AHMET ERKURTOĞLU- AE MİMARLIK KURUCUSU MİMAR
"Kentsel dönüşüm 'Ada' bazında yapılmalı"
Kadıköy’de kentsel dönüşüm kapsamında yenilenen yaklaşık 4 bin binanın yüzde 25’inin projeleri AE Mimarlık tarafından gerçekleştiriliyor. Erkutoğlu özellikle 1999’da yaşanan Kocaeli depreminin İstanbul’un dönüşümde bir fırsat olarak görülebileceğinin fakat fırsatın kaçırıldığının altını çiziyor ve “Kentsel dönüşümün ada bazında yapılması gerekiyor. Parsel bazında yapıldığında kente yük getirirsiniz. Ama hâlâ şansımız var. Henüz dönüşümün gerçekleşmediği yüzde 70 oranındaki binada (35-36 bin binanın 5-6 bini yenilendi), ada bazına dönebiliriz” dedi. Kentsel dönüşümün neden başladığını ve nasıl hızlandığını da hatırlatan Erkutoğlu, ‘Yeldeğirmeni, Moda, Bağdat Caddesi üzeri, sahil parselleri, Acıbadem, Bakırköy, Ataköy emsal artışından faydalanamıyor, dolayısıyla burada yaşayan vatandaşlar binalarını yenileyemiyorlar” dedi.
BORA YILDIRIM- SİKA YAPI KİMYASALLARl GENEL MÜDÜRÜ
"Yeni projelerle Anadolu Yakası çekim merkezi olacak"
Sika Yapı Kimyasalları, inşaat sektörüne yönelik tedarik yapıyor.
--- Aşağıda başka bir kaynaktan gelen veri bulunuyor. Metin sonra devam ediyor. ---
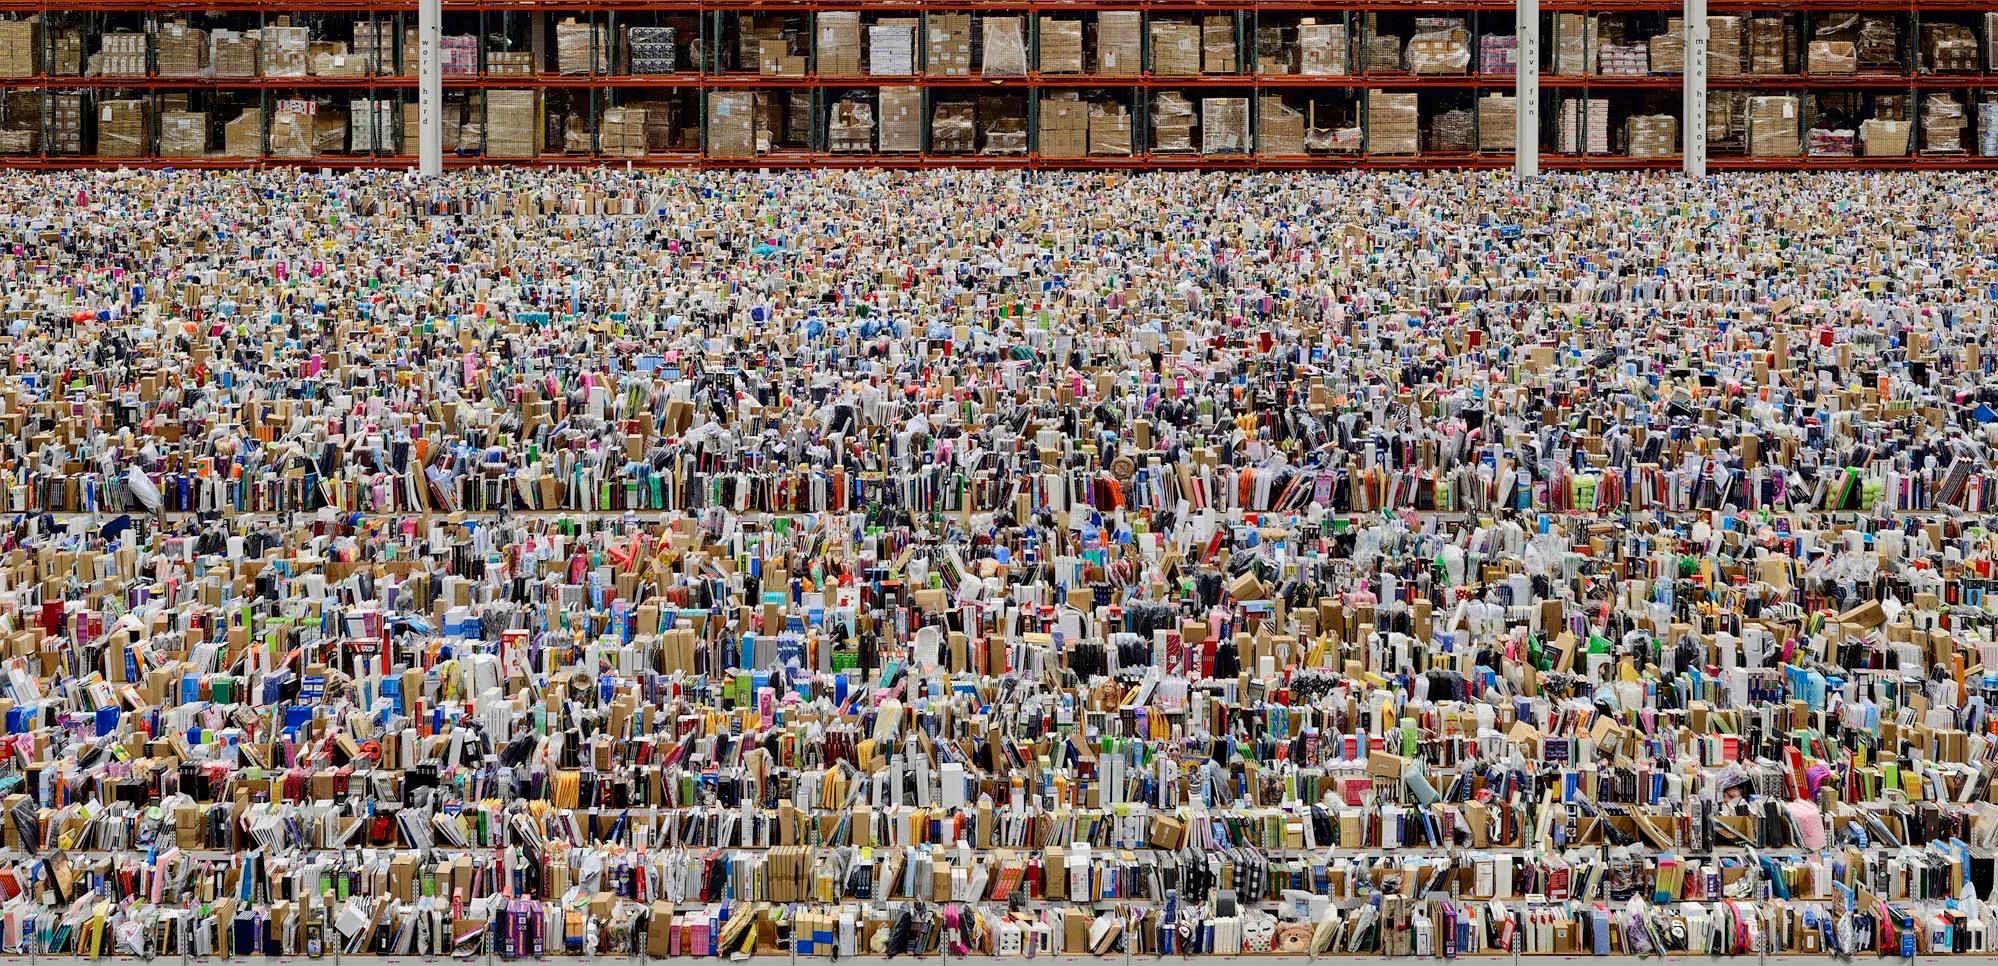 ANDREAS GURSKY   Ohne Titel XVIII/Untitled XVIII , 2015  Inkjet print  Framed  120 7/8 × 87 3/16 × 2 7/16 inches   © Andreas Gursky / 2016 Artists Rights Society (ARS), New York / VG Bild-Kunst, Bonn. Courtesy Gagosian.

Kentsel dönüşümde sosyal ve toplumsal boyut dışında özellikle ekonomik boyutun gelişme potansiyelinin yüksek olduğunu söyleyen Yıldırım, “Son dönemde Anadolu Yakası ve Avrupa Yakası ciromuz başa baş noktasına yaklaştı. Gayrimenkulde bir balon var patlayacak deniyor ama 10 senedir de değer artışı yaşanıyor. İstanbul finans merkezi gelecek. Ekonomik yönüyle bu çok önemli bir çekim merkezi yaratacak bir platform. Haydarpaşa’da hayata geçtiğinde önemli bir gelişme sağlayacak. Metrekare bazındaki gayrimenkul fiyatlarını düşününce, Avrupa Yakası’ndan Anadolu Yakası’na geçişlerin tercih sebebi olacağını düşünüyorum. Bahsettiğim projelerle Anadolu Yakasının bir çekim merkezine dönüşecek ve önümüzdeki 10 yılda buradaki gelişme ve değerlenme potansiyeli Avrupa Yakası’na göre çok daha fazla” dedi.
YUSUF ZAYİD GÜNDOĞDU- MİYAMOTO INTERNATIONAL TÜRKİYE YÖNETİM KURULU BAŞKANI
"Planlamaya harcanan 10 dakika, uygulamada iki saat kazandırır"
Yedi yıl Japonya’da yaşamış olan Gündoğdu İstanbul’un ancak Tokyo ile mukayese edilebileceğini belirterek, “Çok benzerlikler var. Tokyo da İstanbul gibi çok sıkışık ancak araç trafiği yok. Çünkü otopark fiyatları aylık 300 dolar civarında. Dolayısıyla akıllı hiçbir Japon araç kullanmıyor ve metro altyapısı da harika” dedi. İstanbul banliyö hattının 15-20 yıl içinde aşağı alınmak zorunda kalacağına işaret eden Gündoğdu şöyle ekledi, “Bu hat da yetmeyecek, banliyö hattının üstüne hava ray gibi bir sistem kurulacak. Bu İstanbul’un aldığı göç ile ilgili. Mühendislik açısından ulaşımda çözülemeyecek bir sorun yok.” Kentsel dönüşümle ilgili bir özeleştiride bulunan Gündoğdu, Türkiye’de kültürel fark sebebiyle zaman zaman kaybedilebildiğini söyledi ve ekledi; “Bizde kervan yolda dizilir mantığı var. Bir Japon atasözü; ‘planlamaya harcanan 10 dakika, uygulamada iki saat kazandırır’ der.”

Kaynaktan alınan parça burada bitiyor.